In re CENTRAL EUROPEAN INDUSTRIAL DEVELOPMENT COMPANY, LLC d/b/a Ceidco, Debtor.
In re The Kontrabecki Group LP, Debtor.
Aron M. Oliner, as Chapter 11 Trustee of The Kontrabecki Group Limited Partnership, and Lehman Brothers Holdings, Inc., Plaintiffs,
v.
John Kontrabecki, Defendant.

Bankruptcy Nos. 02-30419, 02-30421, Adversary No. 03-3264.

United States Bankruptcy Court, N.D. California.

November 27, 2006.

*2 *3 *4 Joan M. Chipser, Law Offices of Joan M. Chipser, Millbrae, CA, for Debtor, Central European Industrial Development Company, LLC.

Joel K. Belway, Law Offices of Joel K. Belway, San Francisco, CA, for Debtor, The Kontrabecki Group LP.

Aron M. Oliner, Buchalter, Nemer, Fields and Younger, San Francisco, CA, for Plaintiffs.
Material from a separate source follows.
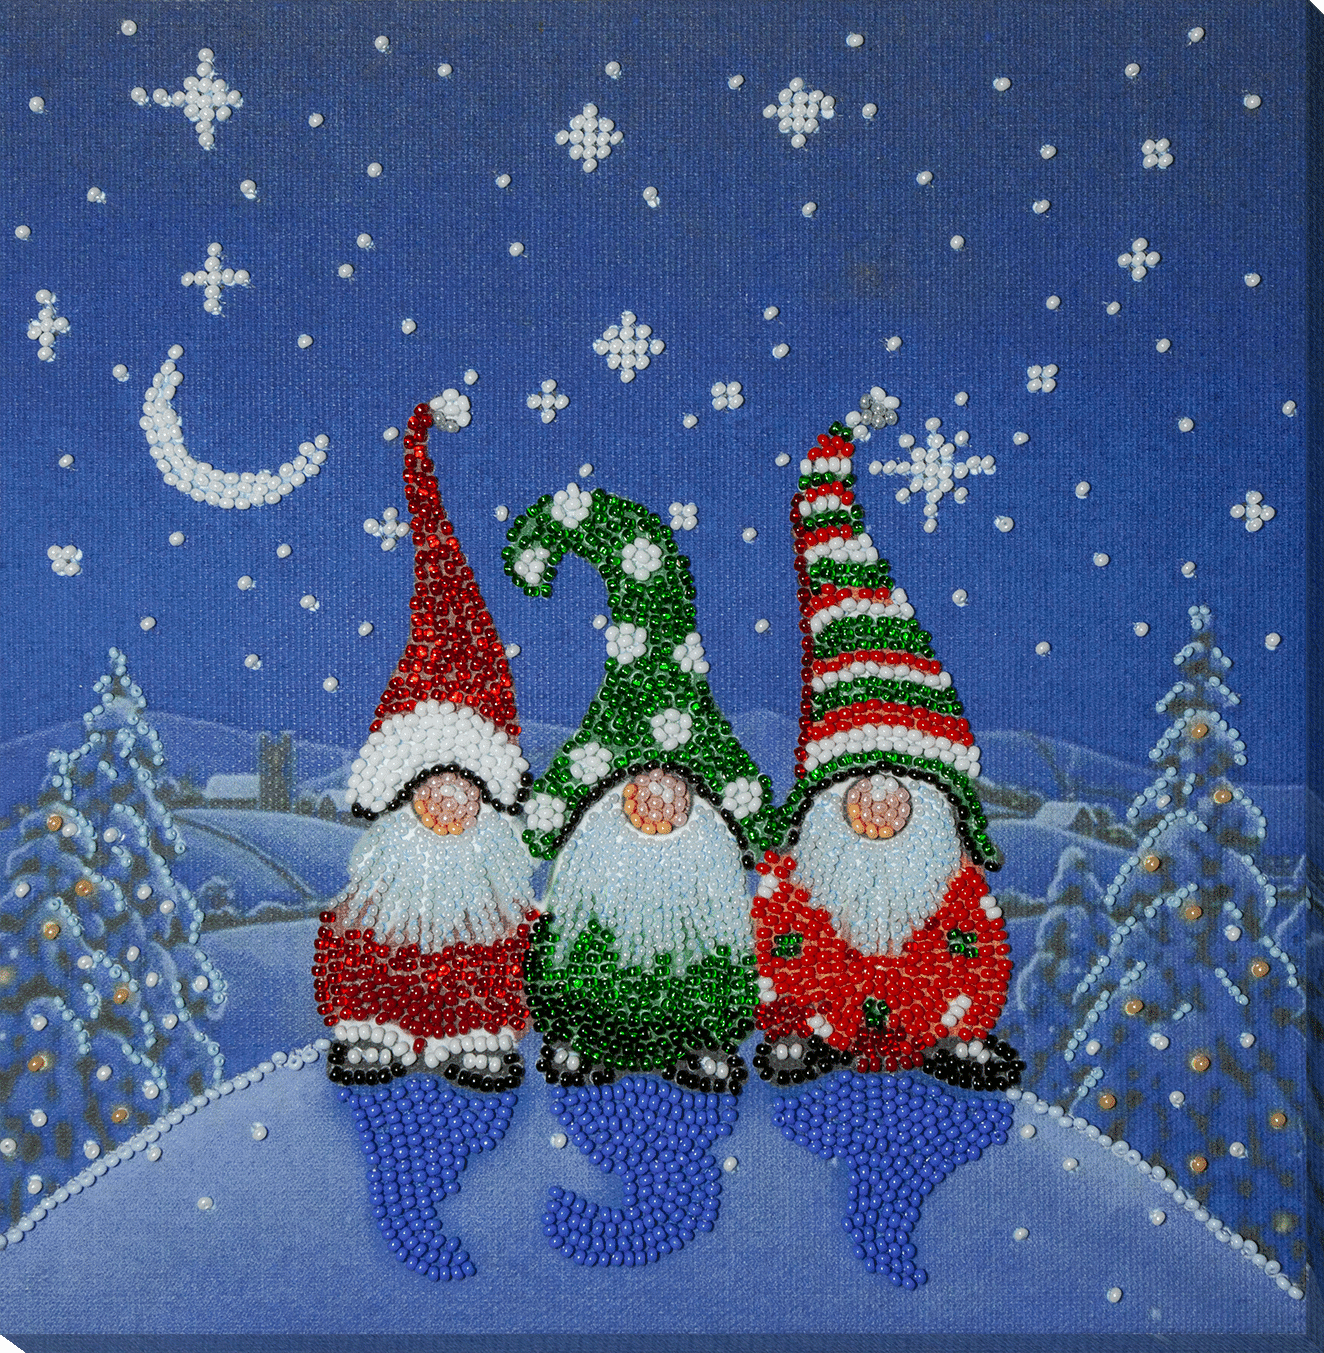 Christmas Diamond Painting Kits for Adults - Xmas Tree Santa Night
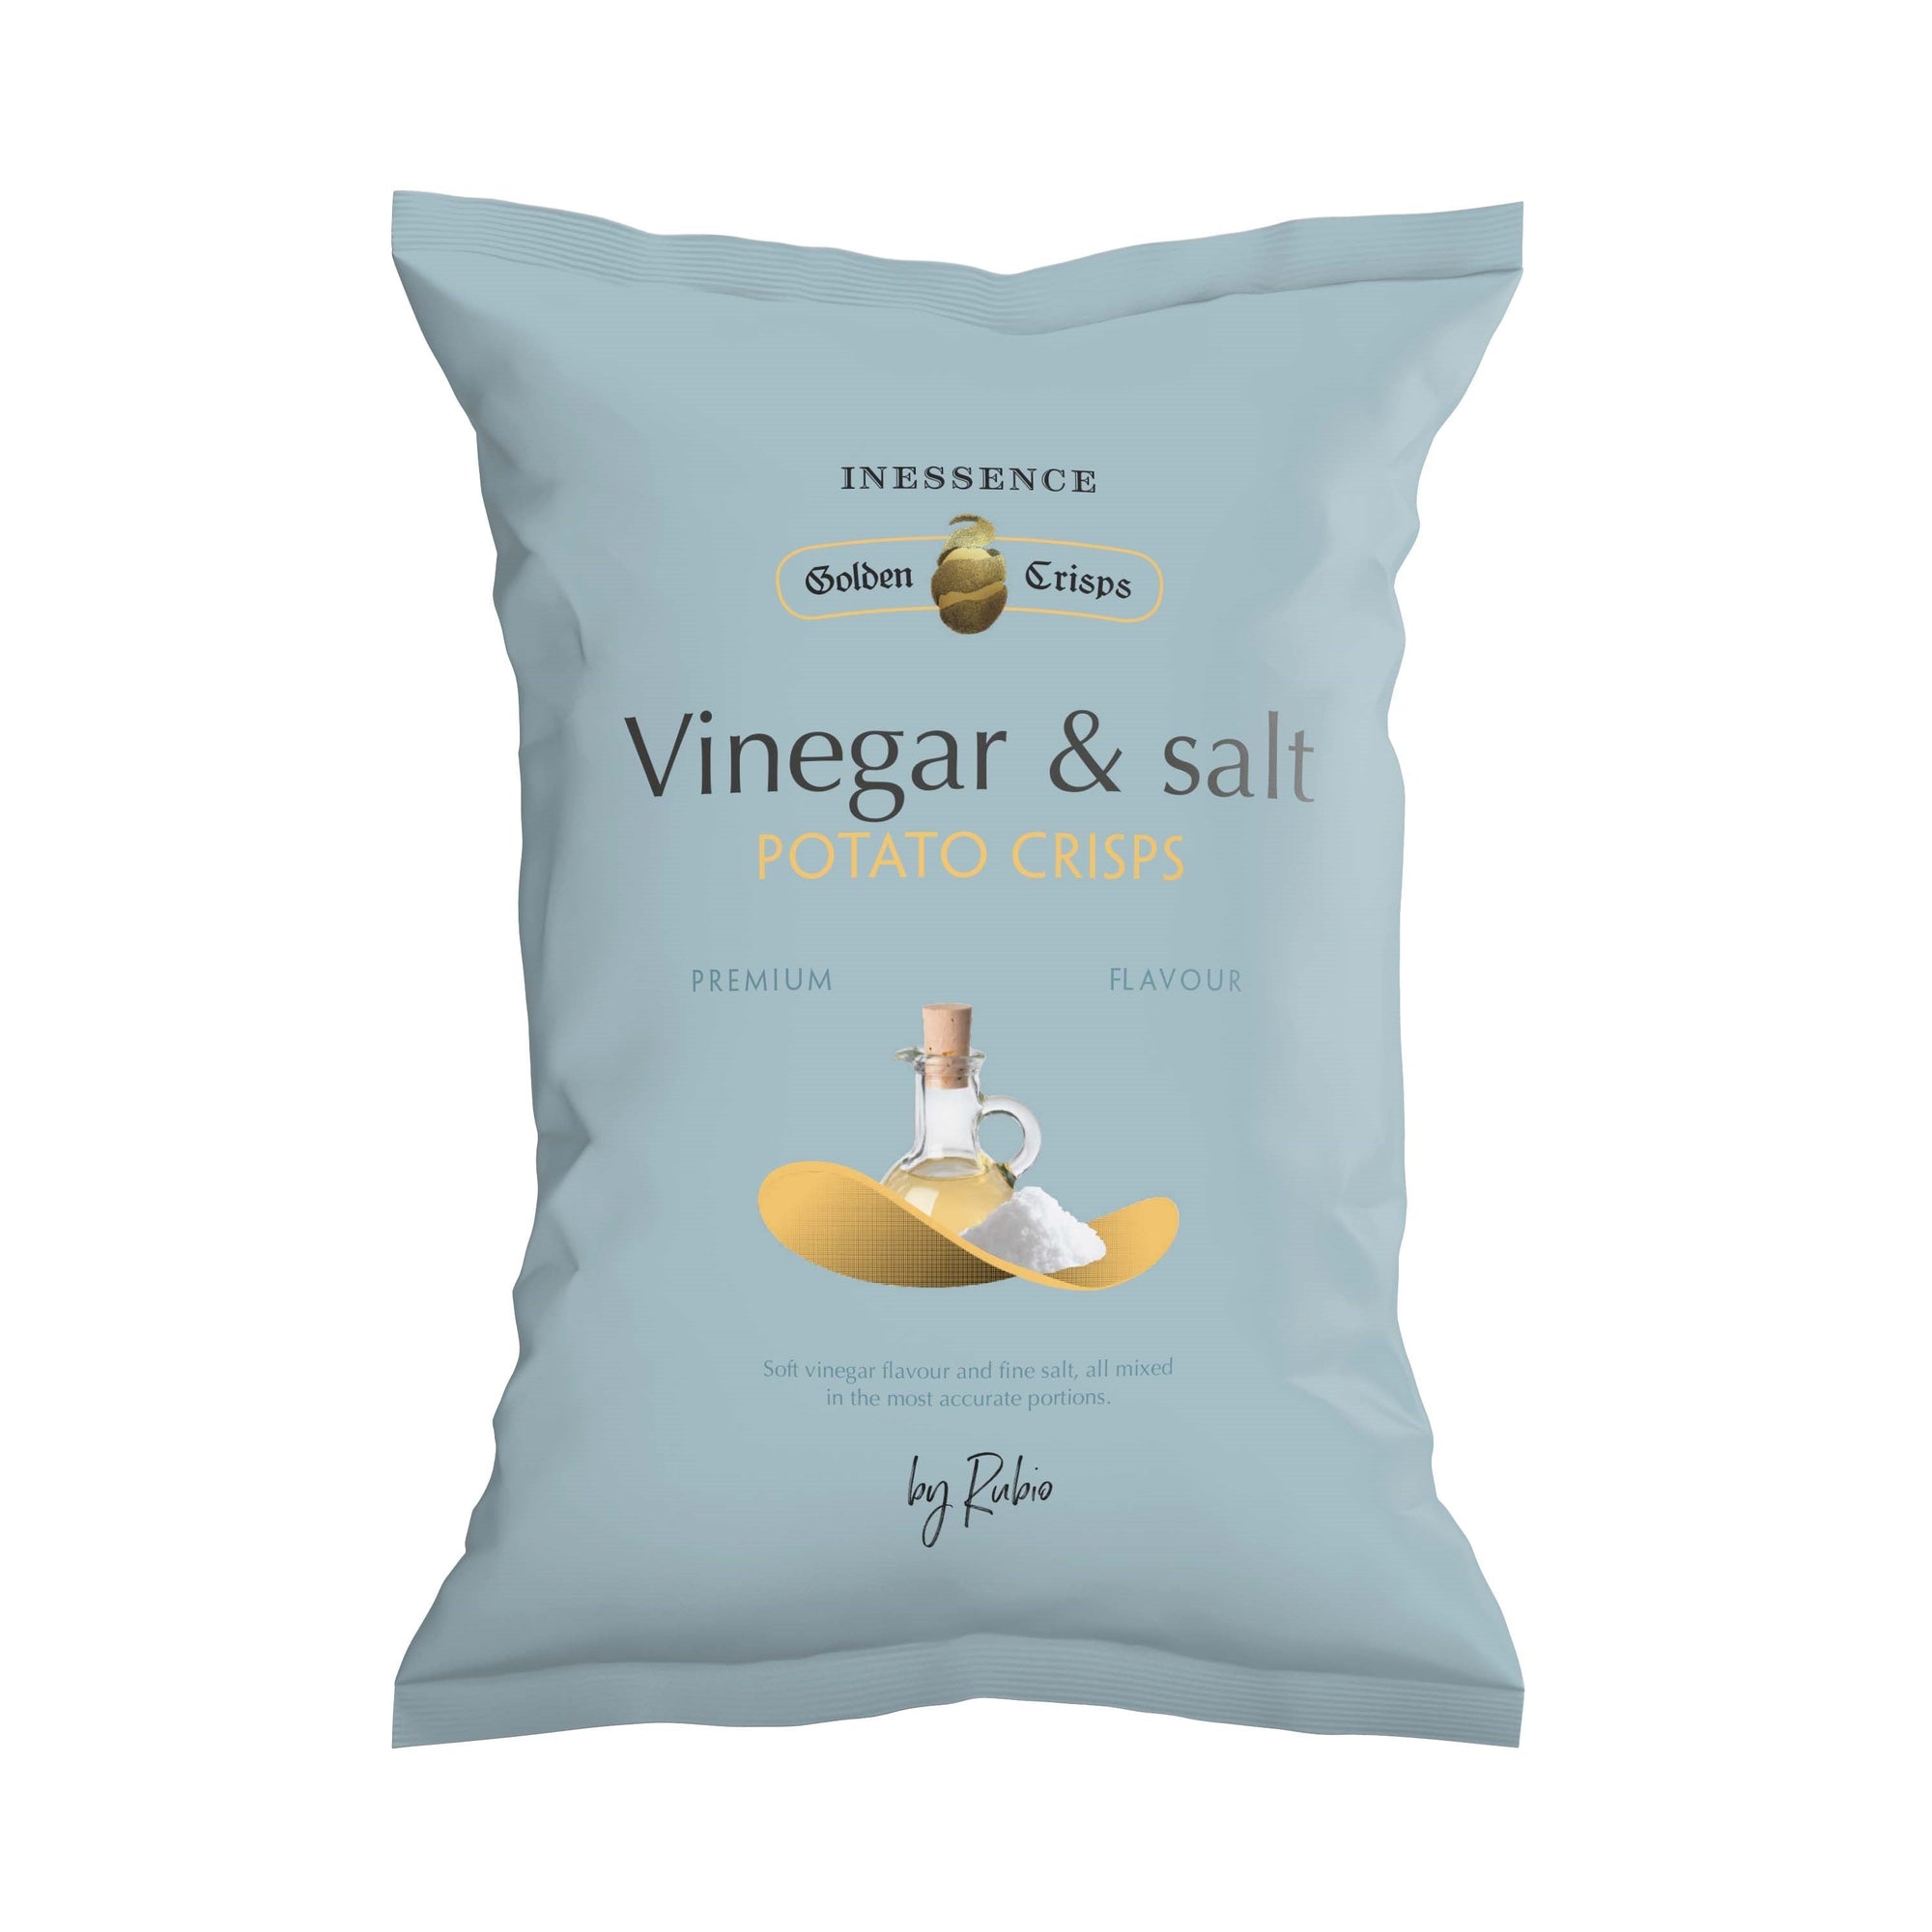 Inessence Vinegar & Salt Potato Chips (125g)

MEMORANDUM DECISION REGARDING COMPENSATORY CONTEMPT DAMAGES, SECOND BILL OF PARTICULARS

DENNIS MONTALI, Bankruptcy Judge.

Plaintiff Lehman Brothers Holdings Inc. ("Lehman") has filed a motion entitled Lehman Brothers Holdings Inc.'s Motion and Memorandum Summarizing and Requesting the Award of Compensatory Contempt Damages Associated with Lehman's Second Bill of Particulars (the "Motion," docket no. 1265) together with supporting documents (docket nos. 1264-1279, filed Apr. 13-14, 2006). The Motion covers the period from November 1, 2004, through December 31, 2005. Lehman seeks $3,369,891.52[1] in compensatory contempt *5 damages consisting of $3,239,939.36 in legal fees and $129,952.16 in expenses. For the reasons set forth below the court will award Lehman $3,197,891.02.

II. Background[2]

In violation of the automatic stay John Kontrabecki ("Kontrabecki") caused the dilution of shares of stock of two Polish subsidiaries that were previously 100% owned by debtor The Kontrabecki Group LP ("TKG"). The dilution reduced TKG's interest to that of a minority shareholder. This adversary proceeding was commenced by Lehman and Aron M. Oliner, the Chapter 11 Trustee of The Kontrabecki Group Limited Partnership ("Trustee"), to unwind the transfer of control of the Polish subsidiaries and to recover damages from Kontrabecki. Lehman is now prosecuting this action pursuant to a settlement with Trustee, as described in the Amended Memorandum Decision Regarding Compensatory Contempt Sanctions filed on August 5, 2005 (docket no. 988).[3]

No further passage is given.